Singularity Hub Daily
Singularity Hub Daily
Episode • Nov 9, 2021 • 8m
When it comes to brain computing, timing is everything. It’s how neurons wire up into circuits. It’s how these circuits process highly complex data, leading to actions that can mean life or death. It’s how our brains can make split-second decisions, even when faced with entirely new circumstances. And we do so without frying the brain from extensive energy consumption.
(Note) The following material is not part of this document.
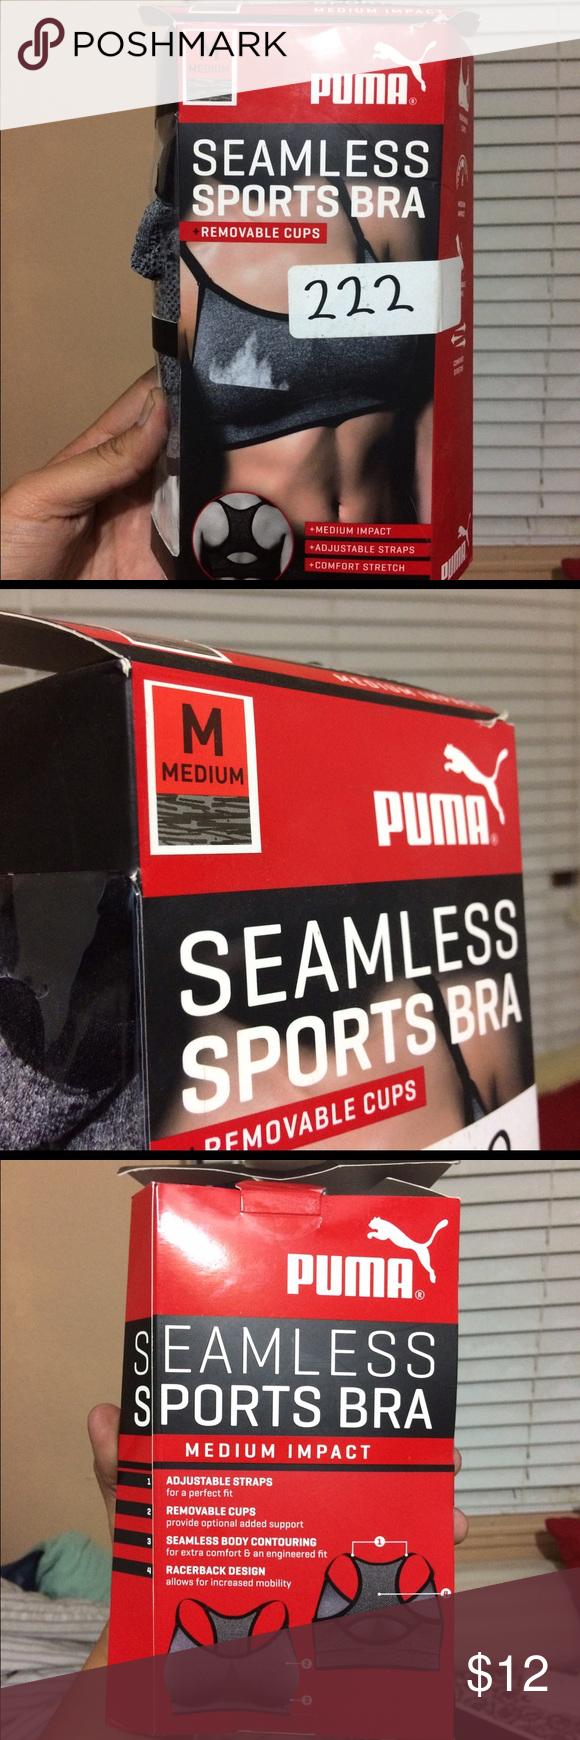 Women's Puma Seamless Sports Bra in Med New in box Puma Seamless Sports Bra in medium black/gray color Puma Intimates & Sleepwear Bras

To rephrase, the brain makes an excellent example of an extremely powerful computer to mimic—and computer scientists and engineers have taken the first steps towards doing so. The field of neuromorphic computing looks to recreate the brain’s architecture and data processing abilities with novel hardware chips and software algorithms. It may be a pathway towards true artificial intelligence.
But one crucial element is lacking. Most algorithms that power neuromorphic chips only care about the contribution of each artificial neuron—that is, how strongly they connect to one another, dubbed “synaptic weight.” What’s missing—yet tantamount to our brain’s inner working—is timing.
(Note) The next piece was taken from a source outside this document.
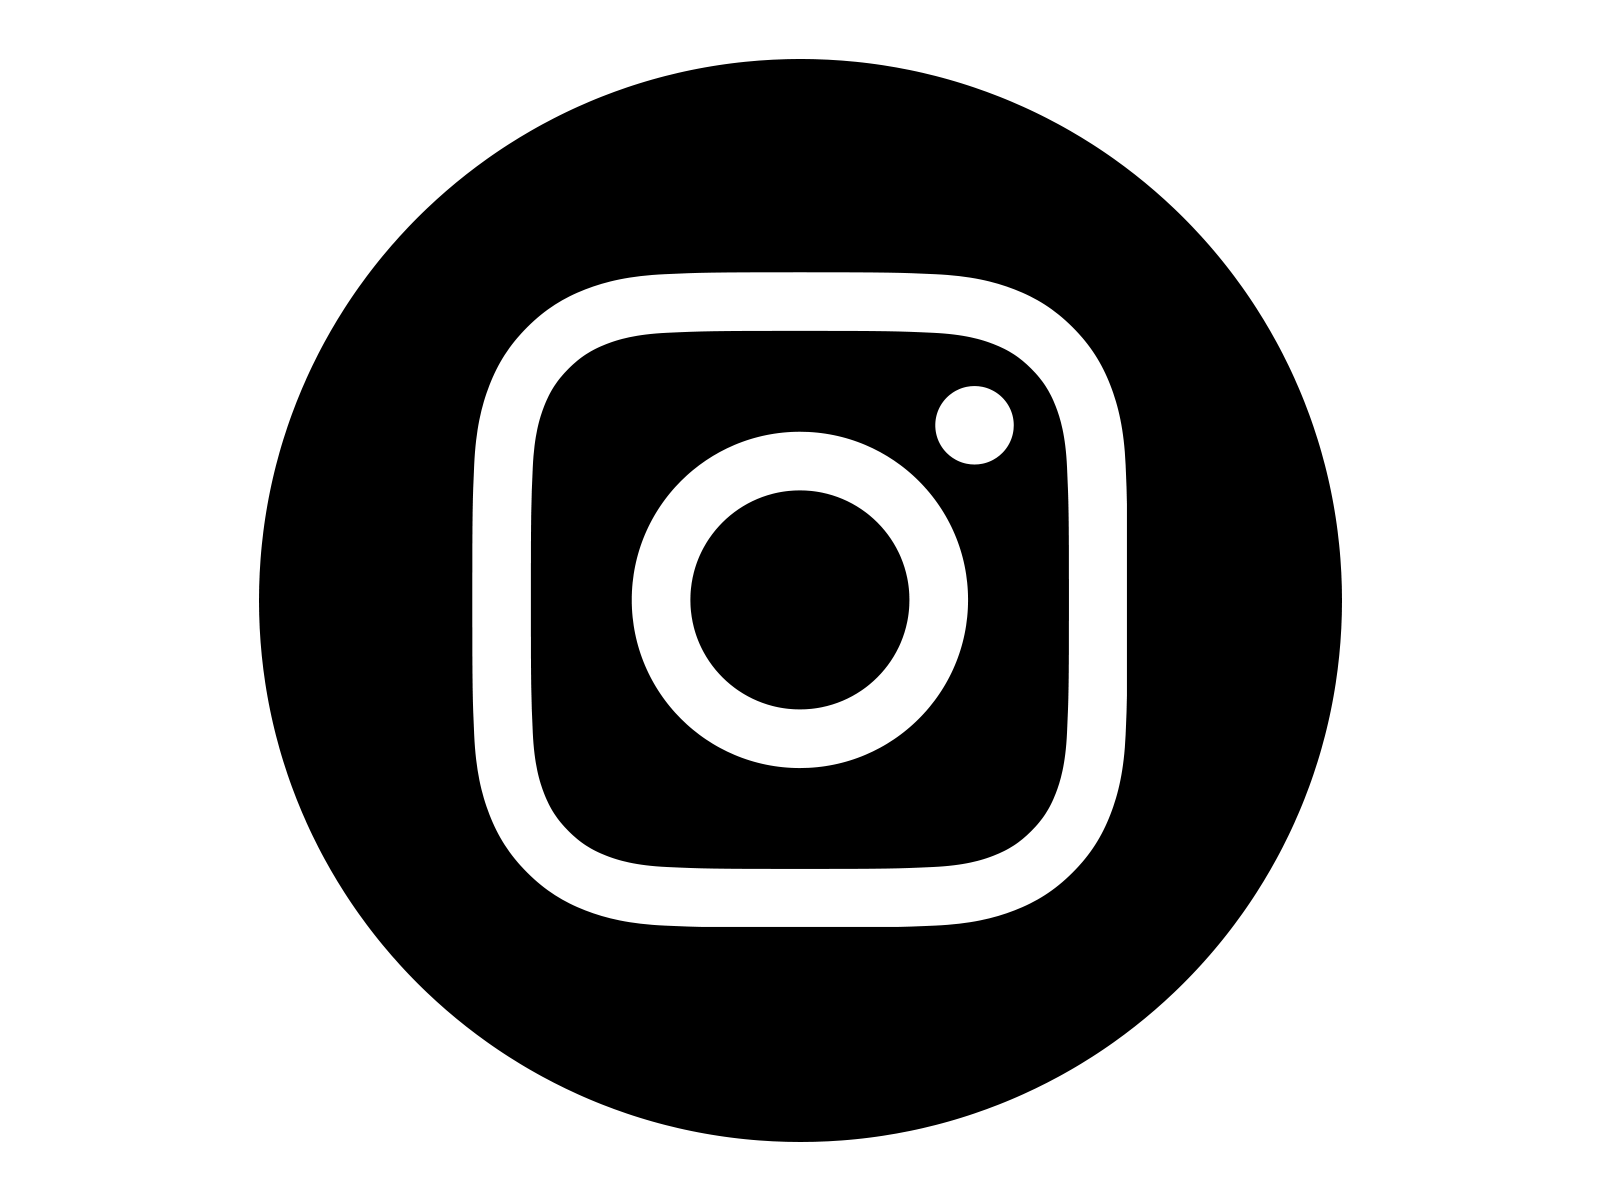 instagram logo bw

This month, a team affiliated with the Human Brain Project, the European Union’s flagship big data neuroscience endeavor, added the element of time to a neuromorphic algorithm. The results were then implemented on physical hardware—the BrainScaleS-2 neuromorphic platform—and pitted against state-of-the-art GPUs and conventional neuromorphic solutions.
“Compared to the abstract neural networks used in deep learning, the more biological archetypes.still lag behind in terms of performance and scalability” due to their inherent complexity, the authors said.
In several tests, the algorithm compared “favorably, in terms of accuracy, latency, and energy efficiency” on a standard benchmark test, said Dr. Charlotte Frenkel at the University of Zurich and ETH Zurich in Switzerland, who was not involved in the study. By adding a temporal component into neuromorphic computing, we could usher in a new era of highly efficient AI that moves from static data tasks—say, image recognition—to one that better encapsulates time. Think videos, biosignals, or brain-to-computer speech.
To lead author Dr. Mihai Petrovici, the potential goes both ways. “Our work is not only interesting for neuromorphic computing and biologically inspired hardware. It also acknowledges the demand . to transfer so-called deep learning approaches to neuroscience and thereby further unveil the secrets of the human brain,” he said.
Let’s Talk Spikes
At the root of the new algorithm is a fundamental principle in brain computing: spikes.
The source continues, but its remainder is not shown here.